Eggs My Way (comments by Mark R. Leeper)

Day of the Animals Redux (comments by Evelyn C. Leeper)

This Week's Reading (Retro Hugo Award novel finalists)

(book comments by Evelyn C. Leeper)



===================================================================



TOPIC: Eggs My Way (comments by Mark R. Leeper)



It is desperately important when you are walking a tightrope that

you do not look down.  You put one foot in front of the other and

you keep walking.  You restrict your reality to just you and the

tightrope.  If your reality includes the ground beneath you, just

the knowledge that it is there can defeat you.  I had this morning

one of those disastrous experiences.  I looked at the ground--well,

not literally.  I am speaking figuratively.  Every day I walk

various figurative tightropes in which it is imperative that I do

not look at the symbolic ground or I might fall on my metaphorical

face.



What happened was that I "looked down" both figuratively and

literally while I was eating my breakfast.  In my younger days I

liked to put catsup on my eggs to liven them up.  Later, when I

discovered the joys of Tabasco sauce, I would put catsup and

Tabasco on my eggs.  This disgusted my mother, for whom a spicy

dish was one that had a little black pepper that had been ground

the previous year.  And of all the hot spices, black pepper is one

of the least interesting and, if it is not freshly ground, you may

as well forget it.  Spiciness in our house ran the whole range from

foods as bland as cream of wheat all the way up to foods as spicy

as cream of wheat with a teaspoon of sugar.  My mother, I think,

confused the concepts of "piquant" and "carcinogenic."

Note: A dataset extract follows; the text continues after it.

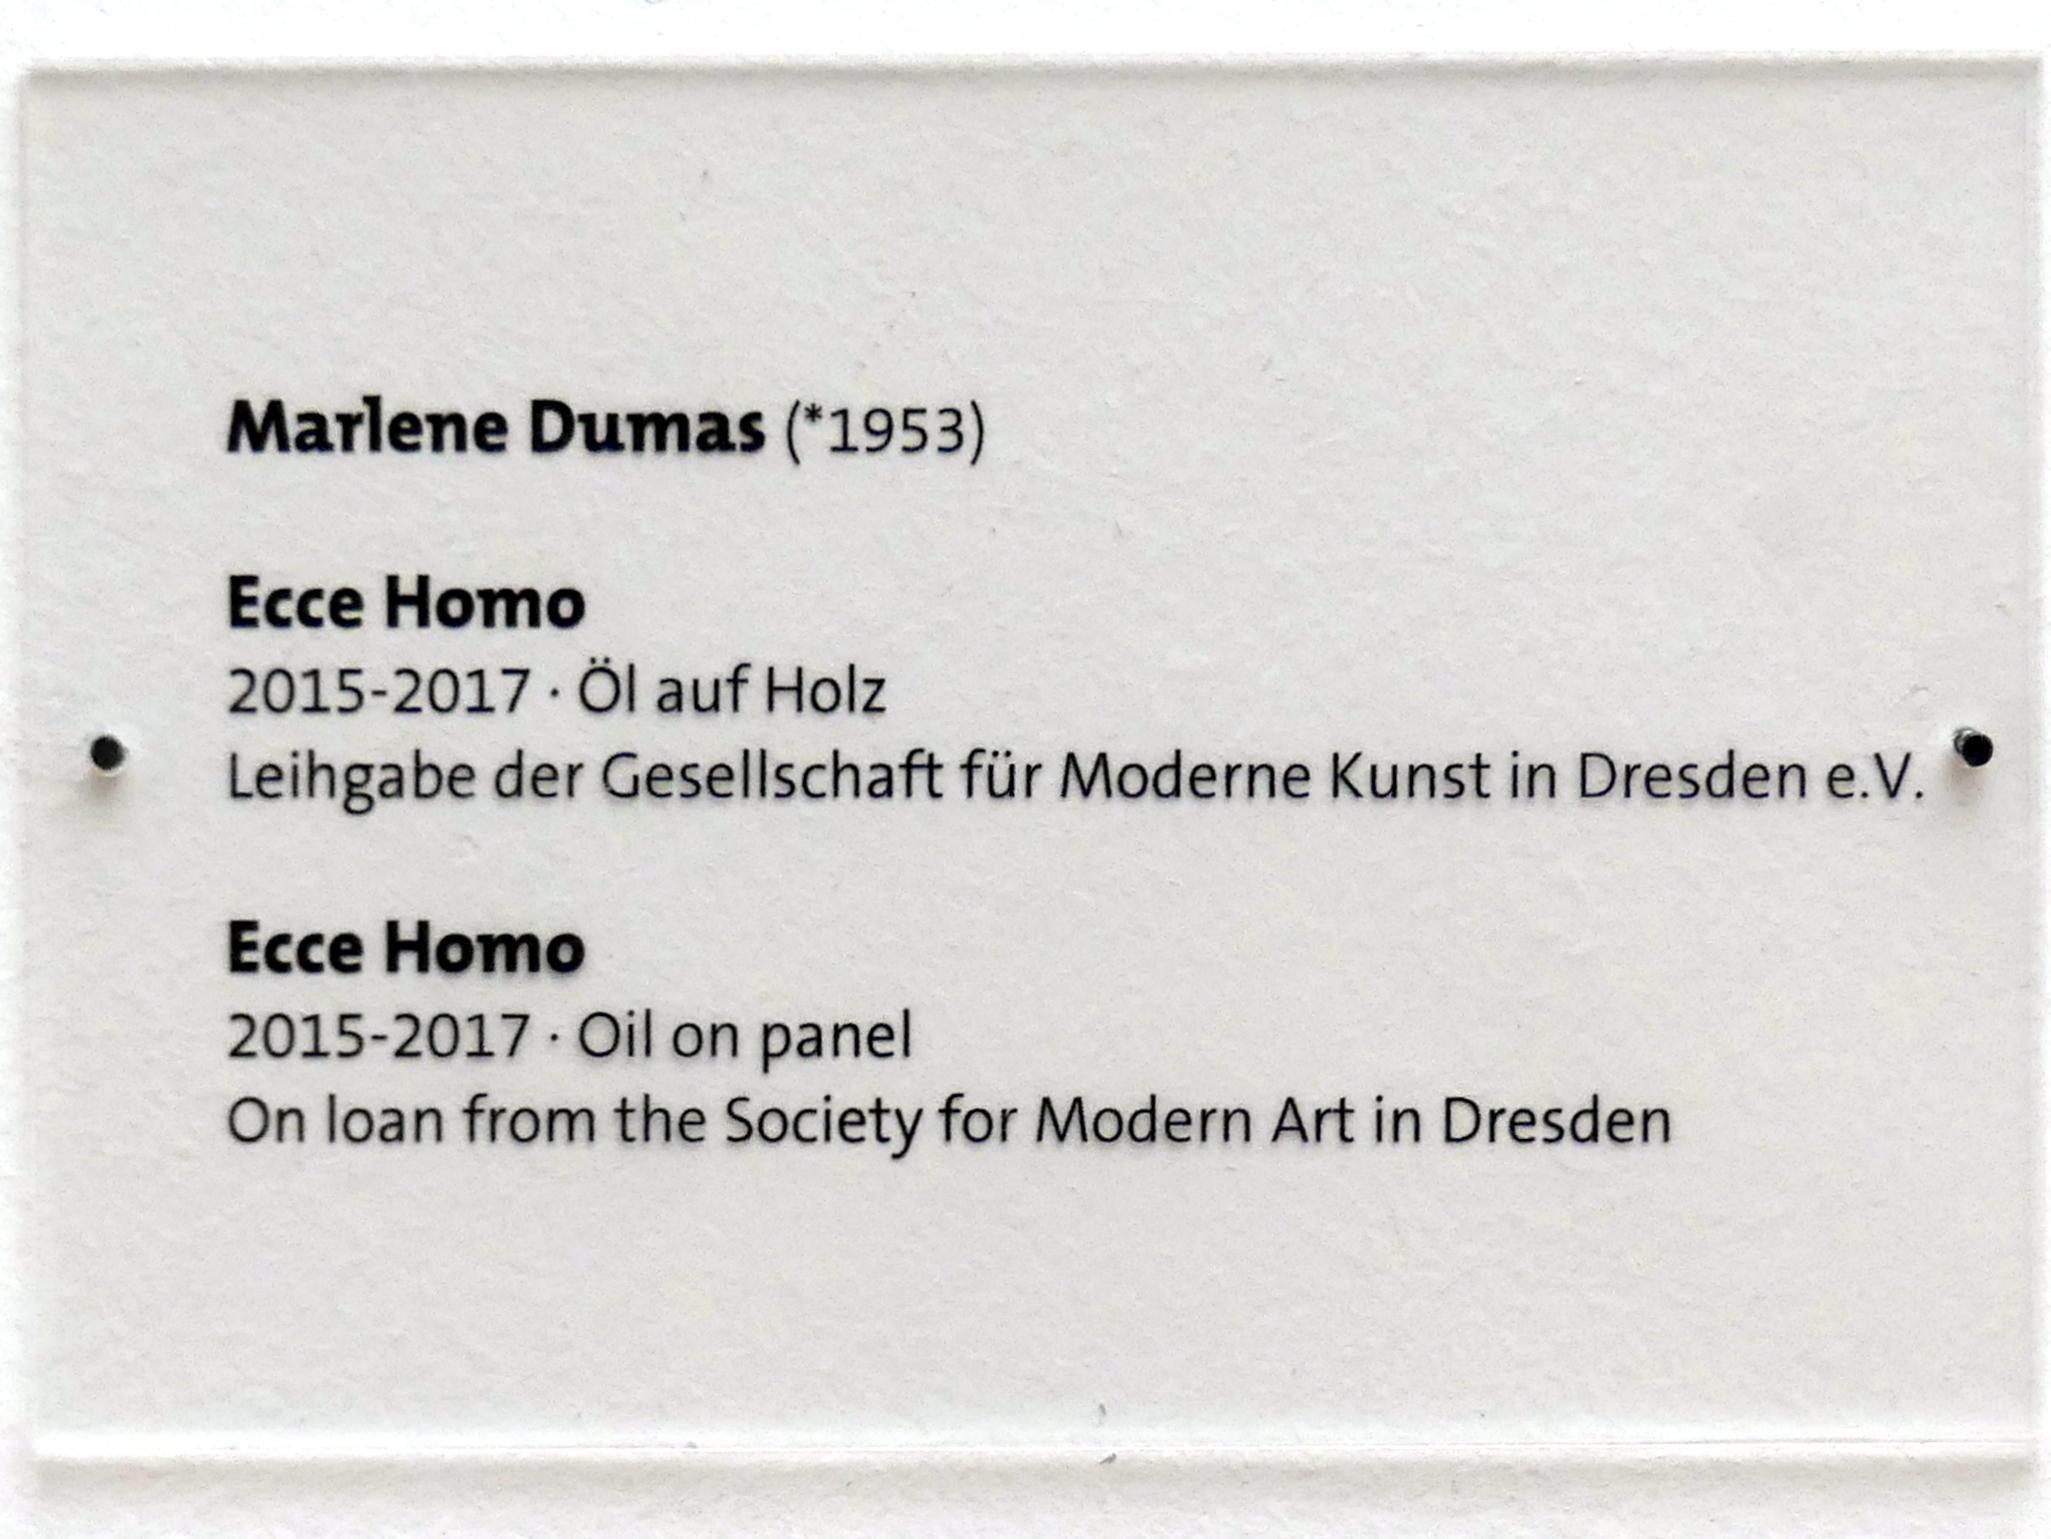 Marlene Dumas: Ecce Homo, 2015 - 2017, Bild 2/2

When my mother saw me putting catsup and Tabasco on my morning eggs

her reaction was much the same as it would have been if I were

putting flea powder on my spaghetti.  "Actually there is a Mexican

dish that is hot sauce on eggs," I bluffed.  "Not for breakfast,"

she replied with a certainty that came from never having heard of

such a dish.  My mother bluffs well, too.  "Yes, it is! They have

it for breakfast," I lied.  Years later I first heard of Huevos

Rancheros and discovered I had made a lucky guess.  In fact, when

we went to Mexico (and later Puerto Rico) that was my preferred

breakfast for the first half of the trip.  Then halfway through the

trip I developed virtually simultaneously a taste for cream of

wheat and a case of Montezuma's Revenge.



Well, I'm recovered from that now, and I still like a spicy sauce

on eggs, but now I am concerned about silly things like

cholesterol.  Now if you are watching what you eat and are clever

about it, you don't have to sacrifice flavor.  You just have to

look for things of roughly the same flavor.  An omelet is loaded

with cholesterol and yet it has very little flavor.  What it really

contributes to a dish is a sort of a patty of a certain chewy

texture.  I can create a nearly similar flavorless, chewy patty out

of oatmeal.  I just take three coffee scoops of raw oatmeal, just

enough water to dampen thoroughly, and microwave for 90 seconds.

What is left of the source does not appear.